Church assumes management of Gate Way Park in Liberty

March 15, 2004|BRENDA S. EDWARDS

LIBERTY - The Gate Way Park is now under the management of Sacred Heart and St. Bernard Catholic churches.

After much discussion over the past few weeks between the churches and city and county governments, the Rev. Thomas R. Clark has announced that a lease between the churches and the county would not be renewed.

The county park board, made up of members in the community, has been dissolved and both governments agreed that funds from the county would no longer be available for the park at the junction of U.S. 127 and Ky. 70.

A public meeting is scheduled 7 p.m. March 23 at the park to talk about future plans.

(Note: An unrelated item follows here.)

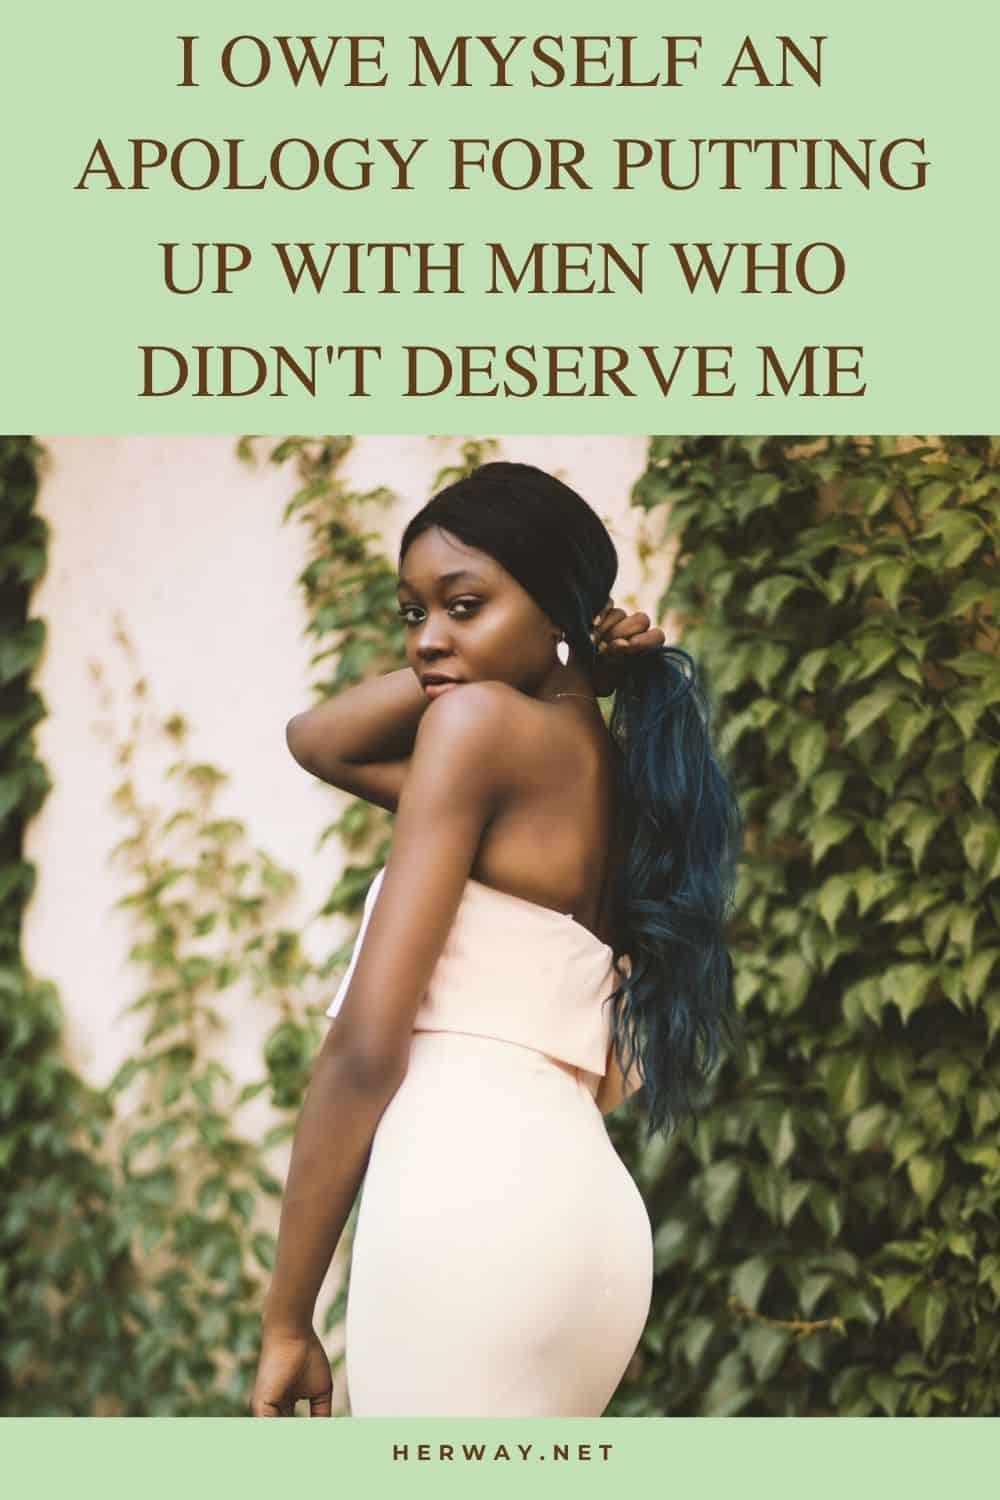 I Owe Myself An Apology For Putting Up With Men Who Didn't Deserve Me

The county has contributed money and assisted in securing grants to help finance the park since it leased the facility more than 20 years ago, said county Judge-Executive Ronald Wright. Volunteers also have helped build a community center and renovate an old barn for offices which have been used by the local Chamber of Commerce and tourism agency. A playground, tennis courts and softball fields also have been built and the parking lot paved.

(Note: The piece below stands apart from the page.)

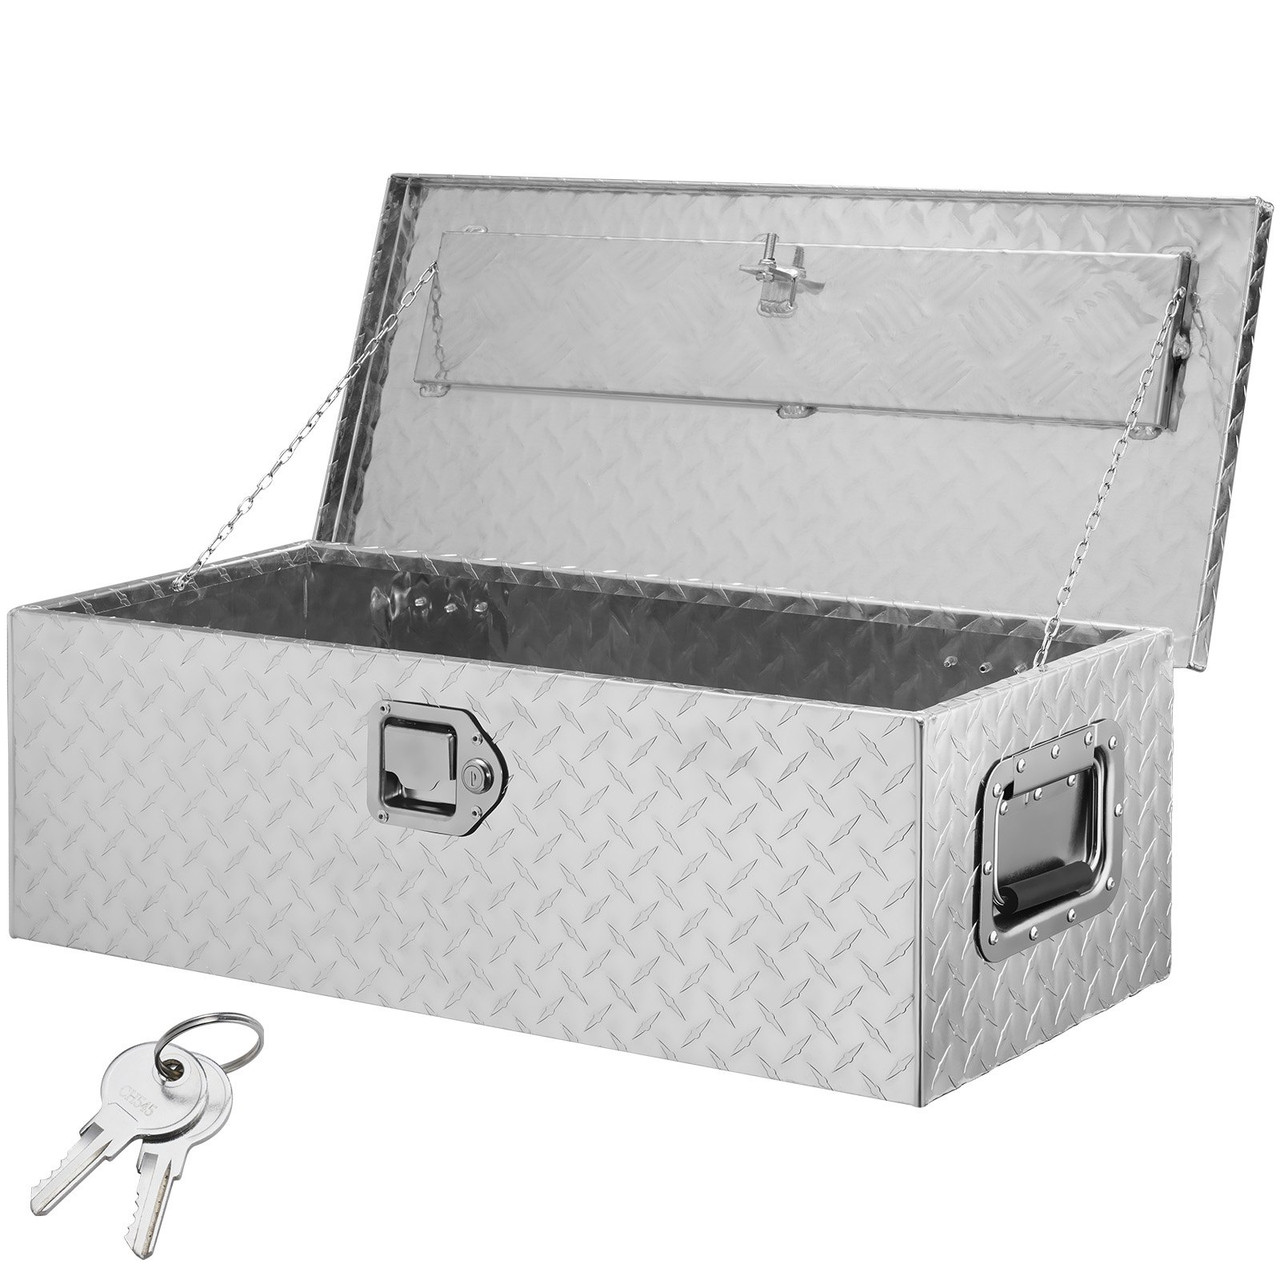 Heavy Duty Aluminum Truck Bed Tool Box, Diamond Plate Tool Box with Side Handle and Lock Keys, Storage Tool Box Chest Box Organizer for Pickup, Truck Bed, RV, Trailer, 30"x13"x9.6", Silver

The county has paid insurance on the facility and also helped with mowing.

The Archdiocese in Louisville wanted to make changes in a lease held by Fiscal Court, which the court did, but they were unacceptable, Wright said.

"The county is out of the picture now," the judge-executive said. "We will continue to support the park, but as far as being financially involved, I don't believe we (Fiscal Court) can continue support to the park."

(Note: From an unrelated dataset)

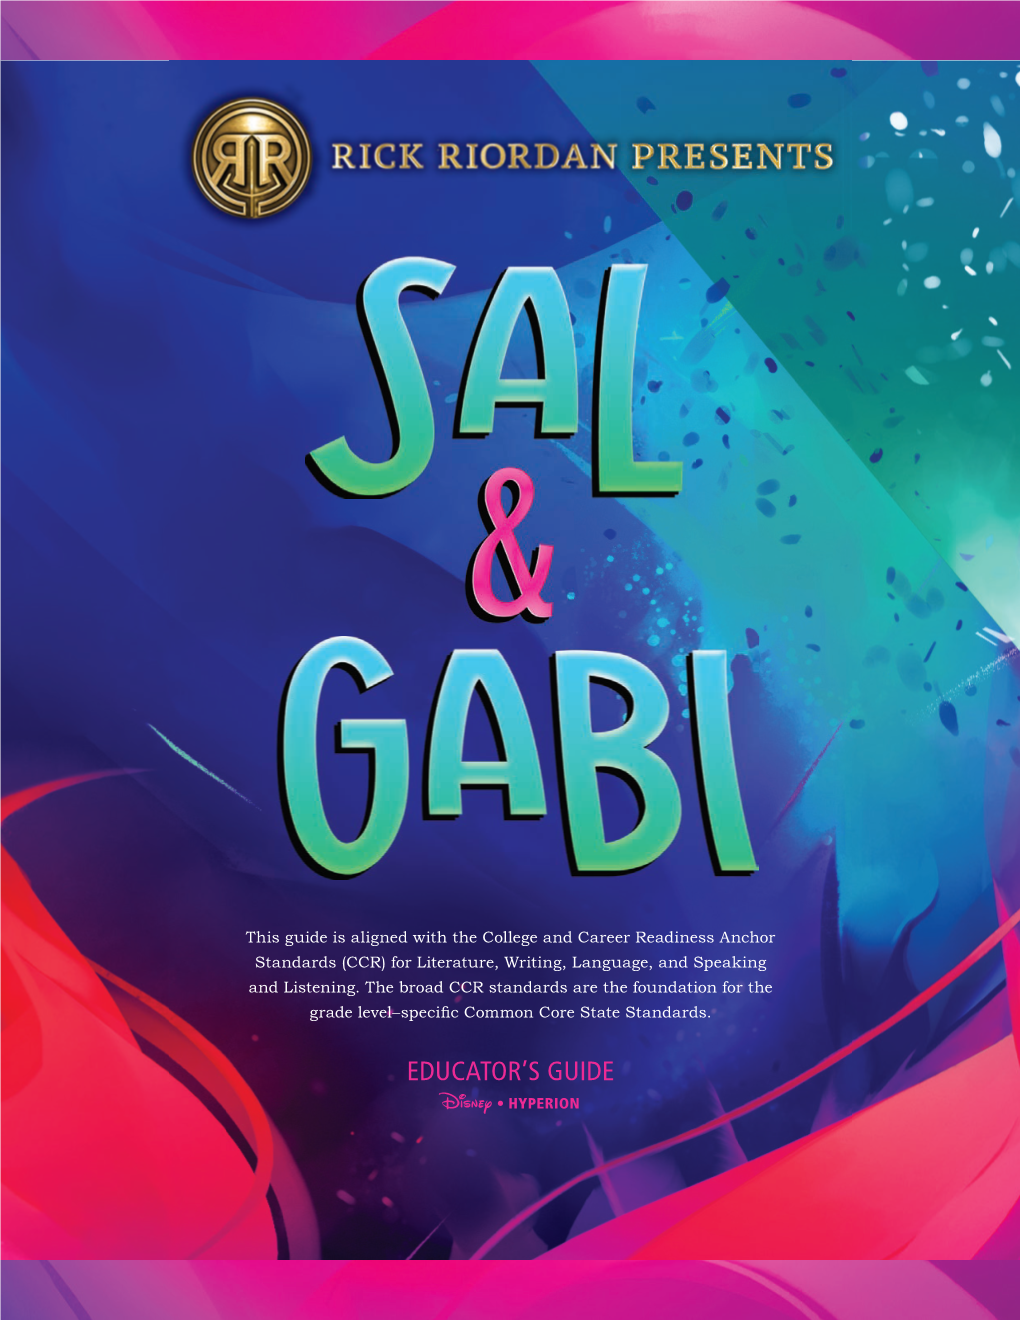 Educator's Guide for the Sal and Gabi Series

A new board of directors will be created to oversee the park, according to a news release from Sacred Heart Catholic Church.

"I feel this is an exceptional opportunity for the citizens of Casey County," the Rev. Thomas R. Clark, pastor of the churches, said. "We are creating a new board of directors and are inviting all interested members of the community to come join us in recreating Gate Way Park."

Clark said after months of study, meetings and discussion it was decided that the park needed to return to its original vision of serving every segment of Casey County.

Plans are to revitalize the facility

Frank Tomero, interim director of the park, said plans are to revitalize the facility. "We're looking to get the community involved and start up monthly activities like a farmer's market, flea market, community garden, arts and crafts displays and increase senior and youth activities," he said. The plans are in addition to the current softball and baseball activities which Mike Luttrell oversees.

Tomeo said community leaders agree that the park's revival is in the best interest of everyone. Besides the sports programs already offered, the community center has great potential for student and school-related functions, including music, dance and drama. Tomeo agrees that the community center offers a wonderful venue for various events, programs and activities and wants to make it more accessible to area residents.

"Gate Way Park is one of the few venues in Casey County that can accommodate performing arts and events and we want to fill up our calendar with fun community enrichment programs," he said. " And we are actively encouraging people to get involved and come forward with ideas for Gate Way Park."

"We have a wonderful jewel in this community that sometimes goes unrecognized," said Clark. "And we want to polish it to its full potential."

Situated on land along Green River, the tract was given to the church for a park in 1981 by Iva Dean Pittman, whose husband was born in Casey County. The property was leased by the county for residents to have a place to gather for events, said Tomero.

Tomeo said several issues, including the lack of needed repairs on equipment, buildings and grounds, and the operation of the park caused the church to make recommendations about the lease.

He said the church is not willing to allow the park to operate as it has been done in the past, and wants to get the park to run on a business-like basis. However, funds to make the changes will be needed to make the park a non-profit self-supported operation.

"We don't want to make money, and hope to get help from the city and county plus volunteers to help run the park," Tomeo said.

"We'd also like to start a Friends of the Park group to help out," he said. He added there is probably enough money in the park budget to operate for several months.